На удивление, его заявка о себе была довольно броской и бескомпромиссной; Дофламинго никогда не смог бы пропустить настолько юное и чудесное дарование. Как изобретательно он подошел к своему появлению, какие слова подобрал; сразу стало понятно, что этот мальчишка пойдет далеко и упускать такой самоцвет из вида было просто опасно: попадет не в тем руки, получит неправильную огранку — и блеск выйдет кривым и неярким, и ничего с этим сделать не получится, только стачивать под ноль. Дофламинго и не думал упускать такой шанс, а потом все завертелось само собой: Трафальгар рос, тренируемый всеми офицерами и Росинантом в том числе; ему прививались полезные привычки, а Донкихот-старший лично следил за тем, как шло образование юного дарования. Конечно, Ло, кажется, сначала не совсем понял, что попал не к простым пиратам, но сдавать назад было поздно — на чистом упрямстве вывозил первые месяцы, а потом втянулся, стал проявлять рвение и желание, стал выгодно отличаться от остальных ребятишек, хвостиком таскающихся за молодым господином. И в тот момент, когда Ло стал юношей, качества его личности — как собственные, так и приобретенные в процессе воспитания — определили его судьбу.
Дофламинго все спланировал изначально. Трафальгар его не подвел.

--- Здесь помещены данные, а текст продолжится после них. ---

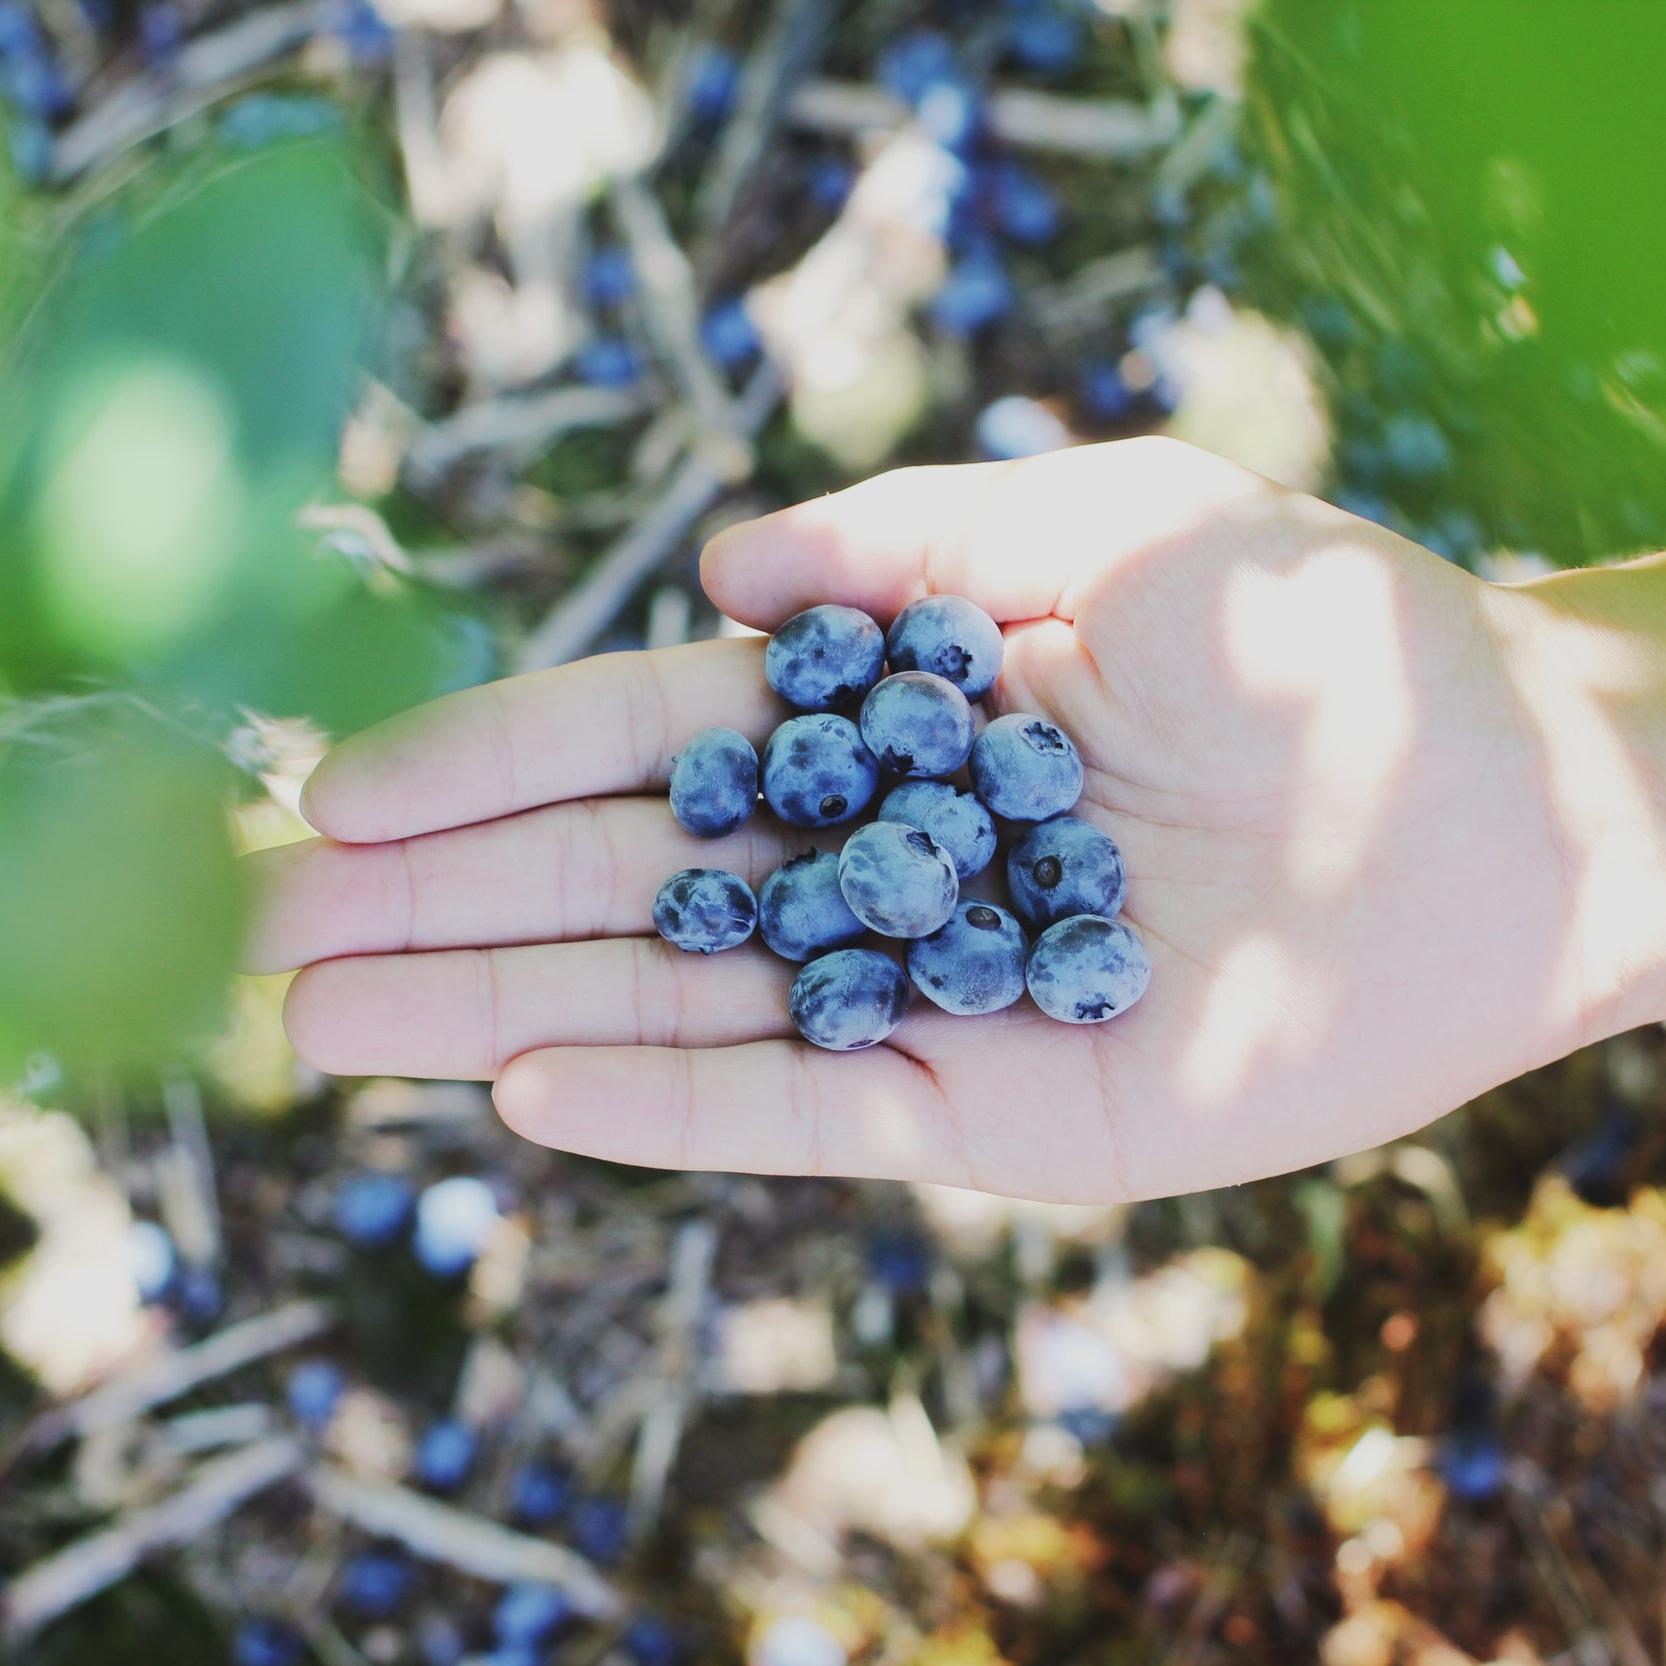 florida-blueberries-in-hand.jpg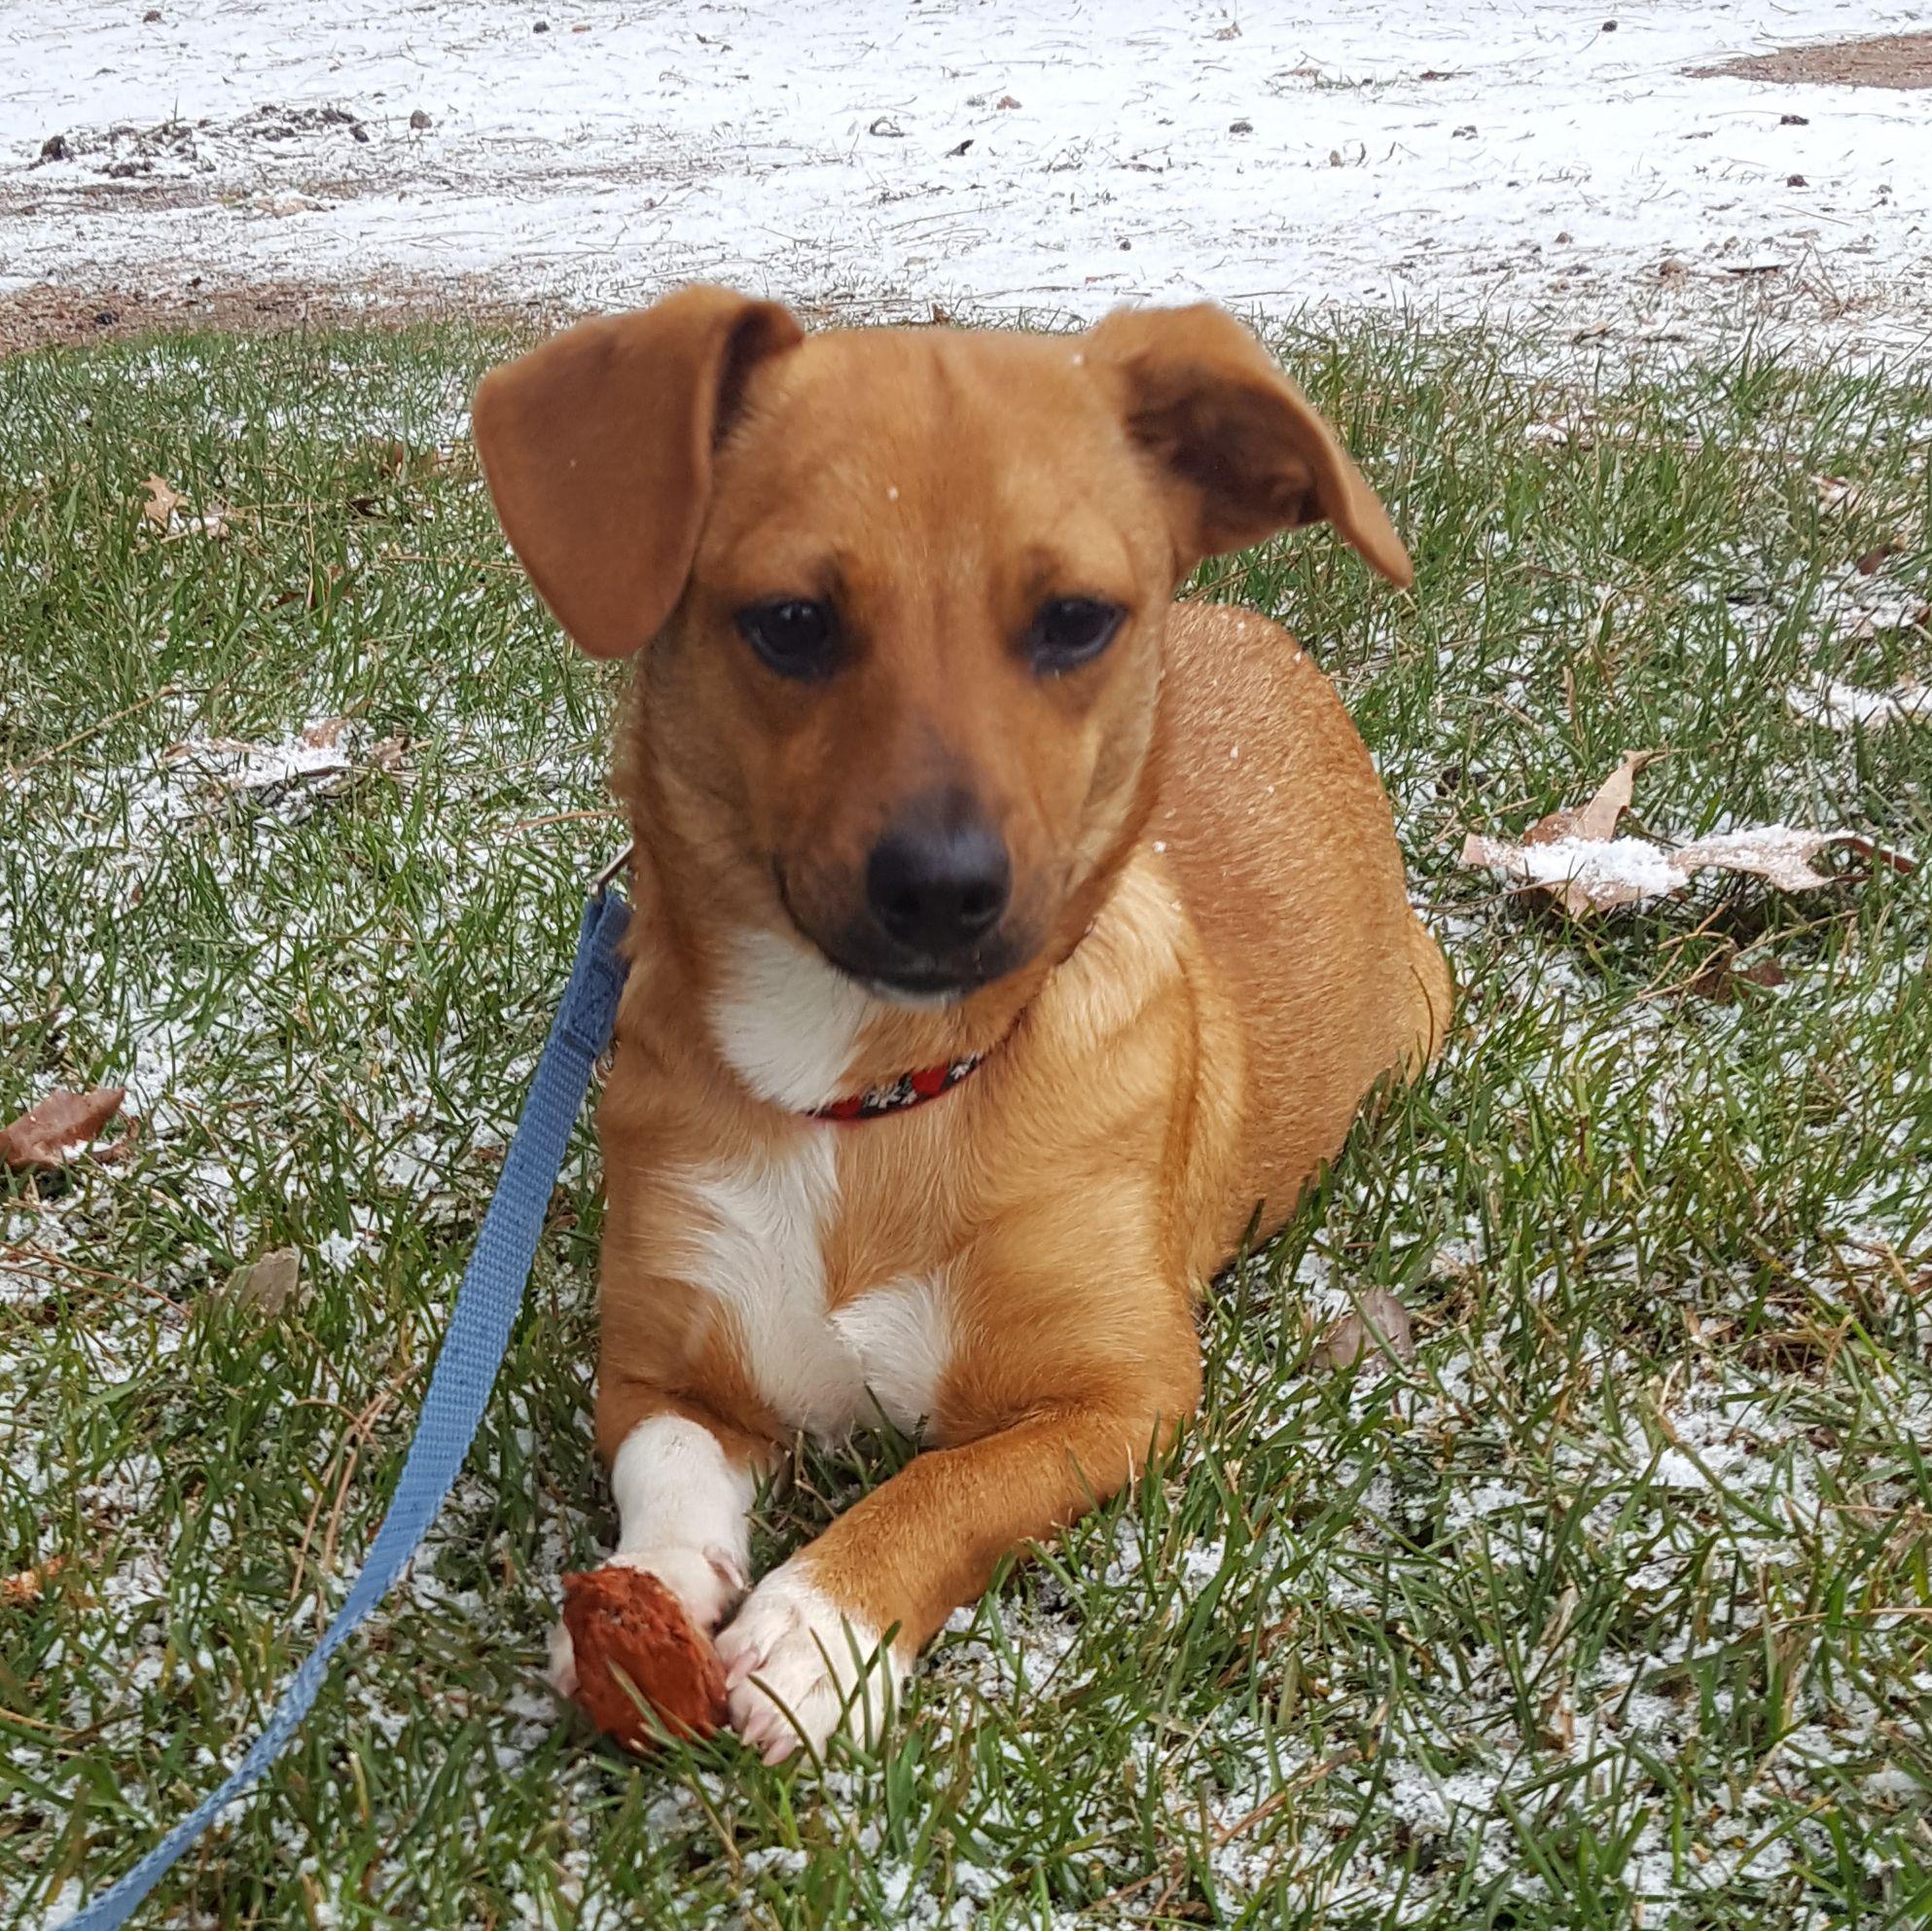 Chiweenie dog for Adoption in St. Louis Park, MN. ADN

Впрочем, это не значило, что ему доставалось меньше наказаний и больше любви — как раз, все далеко наоборот: Донкихот требовал больше, потому что знал, что имел абсолютное на эти требования; расти будущей правой рукой, а потом, возможно, и наследником всего того, что Дофламинго заработал и построил, не самая простая задача. Несмотря на это, чем больше он закручивал болты в воспитании Ло, тем лучше тот справлялся. Начинало казаться, что Трафальгар подходит к тому, чтобы официально занять место среди его офицеров, но давать такую привилегию — ровно что распустить руки. Дофламинго готов был придержать свои амбиции еще немного.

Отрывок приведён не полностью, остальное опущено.